By Bailey Beckett
In such an extreme time, when messages about community, hope, and compassion are lost to news about disease, politics, and social unrest, how can parents instill the values in their kids they do not see in the media?
A new program called HELPEN, created by New York-based entrepreneur Craig Sanders, is looking to fill that void. His concept bridges families to worthy non-profits through a fun game, voice-assisted learning, and life skills designed to shape kids into the next generation of leaders. Realizing children are in their most crucial development period between ages 2 and 9, HELPEN uses that time frame to expose kids to examples of charity, community, and selflessness.
Sanders, a Kansas native, attended Boston University, where he walked on to the men’s hockey team and eventually played overseas in Amsterdam and Australia. He later pursued a career in bond trading, which he credits with teaching him risk management and decision-making skills. During that time, he began fundraising for non-profits like the Travis Roy Foundation and the Mark Bavis Leadership Foundation, all Boston-based organizations with strong ties to the New England hockey communities. That was the beginning.
Sanders came up with the idea for HELPEN while applying to Harvard Business School. Although he wasn’t accepted, the process led him to examine his own life story and how experiences from his upbringing helped determine his life path.
ROOTED IN KINDNESS
“HELPEN is a program designed to empower kids to learn, give and understand the positive consequences of actions rooted in kindness,” explains Sanders. “In such a formative time in their lives, showing kids the power of generosity is an important part of them developing into responsible, aware, and selfless individuals. HELPEN is about providing an experience that will help shape the next generation into the empathetic and generous leaders of tomorrow.”
The concept is simple: Every week, HELPEN sends postcards to parents listing pre-screened, kid-appropriate non-profits. Kids pick a charity they want to learn about and support with a $1 donation. Parents enter donations using a unique QR code on the cards and then activate Amazon’s Alexa to share a customized message about their chosen cause and how far their $1 contribution can go. Included in the voice experience are real-life examples of what their donation can help accomplish, whether it’s feeding a horse, providing life-saving medications, or delivering colorful bedsheets to kids undergoing cancer treatment in the hospitals.

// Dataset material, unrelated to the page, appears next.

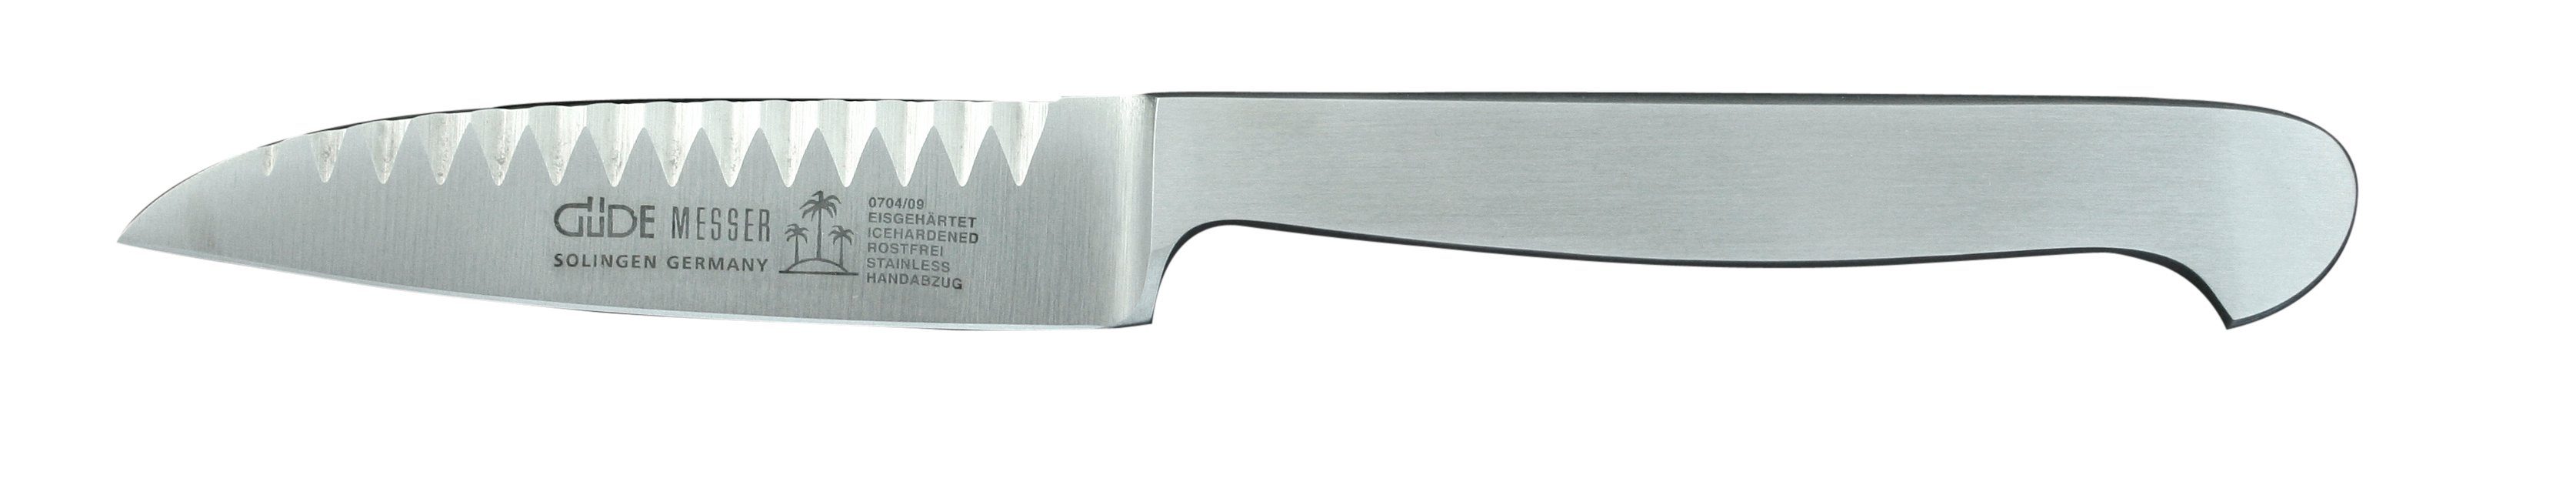 Güde Messer Solingen Gemüsemesser Kappa, Buntschneidemesser 9 cm - Klinge und Griff CVM-Stahl

What if, he thought, we could get to kids in that crucial part of their lives and show how generosity and kindness can not only shape their lives but others too. He chose the name HELPEN as a nod to his time playing pro hockey in Amsterdam. The name means “help out” in Dutch. “Letting children see how their decision benefitted and impacted a cause or life is a valuable lesson they might not otherwise receive,” says Sanders. “This kind of activity builds character, empathy, and a desire to contribute. Consequences have become a negative word; HELPEN shows how it can be a positive.”
THE LIST OF NON-PROFITS GROWS
HELPEN also shows kids the immediacy of their decision-making: how even $1 donations, when combined with others, can lead to significant change. Sanders’ collection of non-profits include VisionSpring, which donates eyeglasses to kids around the world so they can see in school, RxART, which installs art and gives coloring books to children’s hospitals across the U.S., and Sheets from Home, which provides colorful bedsheets to kids undergoing cancer treatment in the hospital. He’s also enrolled Wild Tomorrow Fund, which feeds orphaned rhinos, as well as One Tree Planted, which plants a tree for every dollar donated, and many more.
Every organization is pre-screened, including verifying its non-profit status and its ability to provide content suitable for children. One such non-profit is Girlstart, an organization that seeks to inspire girls’ interest in science, engineering, and mathematics through innovative learning methods. “Any chance we get to share our story, mission, and benefits is a great opportunity,” explained Chelsey Pippin, Engagement Officer Annual Fund, Marketing at Girlstart. “HELPEN is a terrific service to kids and the non-profit community, and we are pleased to participate.”
Sanders is pleased with this fascinating ride. As he told us, “I’m extremely excited to make an impact for families, non-profits, and our communities alike.”